Despite the doldrums, the family said they took the trip to feel inspired. “It’s like we live in the story,” Ali Khan said, surrounded by her children, sister and her 60-year-old father, Fadhel Ali Khan. “We enter this door. We walk down this road. We feel like Saida Zeinab.” The family huddled together, ready to explore more of the Old City. Ali Khan started to walk away and stopped, looking over her shoulder. “Tell the world our story.”
Naoko Shimizu Japan Photographer
THE WORLD TRAVELLER Sandwiched between Chile (#46) and her next stop, Jordan (#48), Syria is the 47th country 25-year-old, red-headed solo traveller Naoko Shimizu has visited. Slowly wandering down Straight Street, the photographer who makes money snapping shots of children in kimonos said she hadn’t anticipated the fun she would have in one of the world’s oldest cities. “Before I thought Syria was very serious and many Muslims live here,” she said. Instead, she was surprised to find Muslims living alongside Christians and several watering holes where she saw locals happily wetting their whistles. The fun would continue, she said tugging on her backpack strings, in Palmyra. But before leaping to yet another destination, Shimizu lingered, watching two old men in the street play a game of late-afternoon backgammon. The joys of travel.

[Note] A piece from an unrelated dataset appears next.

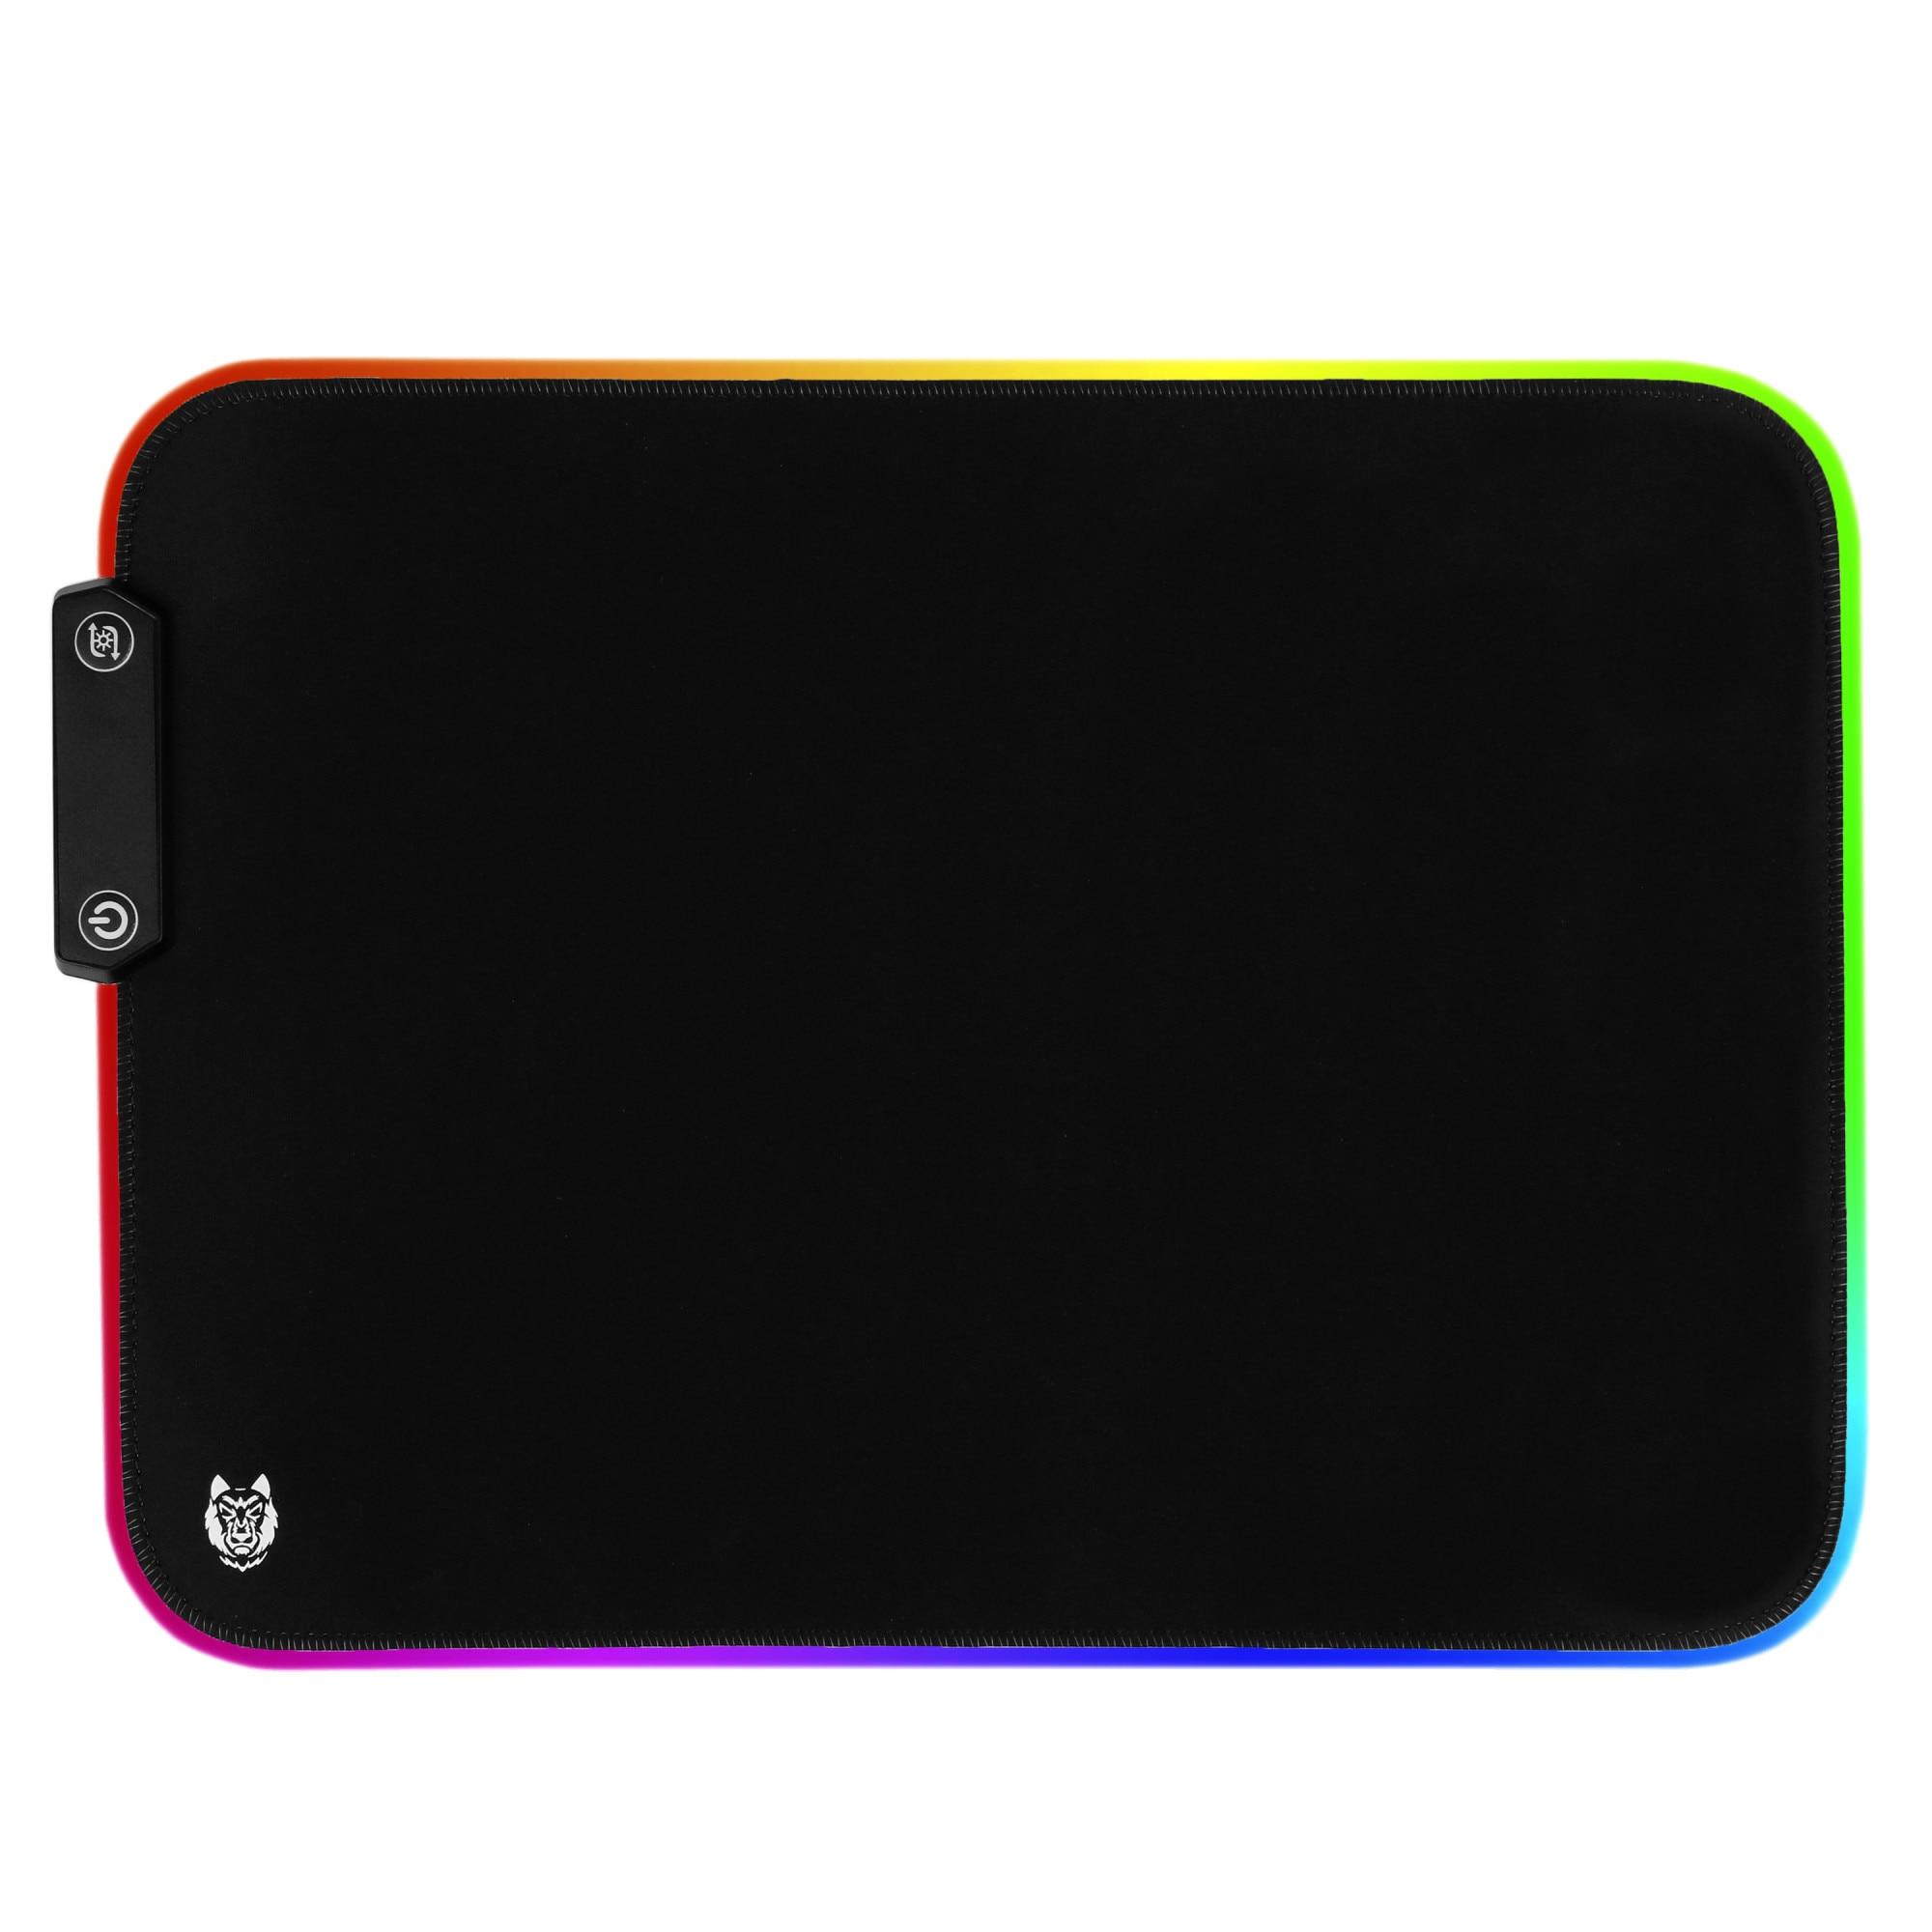 Fotografie Mousepad Gaming A+ Kuan, iluminat, 360*260*3 mm

Ali Alhasnamy Sweden Sports psychologist
THE SEARCHER More than 25 years after leaving his native Iraq for Sweden as a result of political discord, 54-year-old sports psychologist Ali Alhasnamy wandered the streets of Damascus as a tourist, alongside a football player he was training, wondering whether he might be able to bring his three children to live in an Arab world they had never known. “We would like to bring them closer to our original society,” Alhasnamy said. But with Baghdad still a dangerous war zone, he said he was considering Damascus – which he visits occasionally to discuss concentration and motivation tactics with football coaches – as a possible landing spot for his family. “When I moved from Baghdad,” he said, “I felt that I left my heart behind.”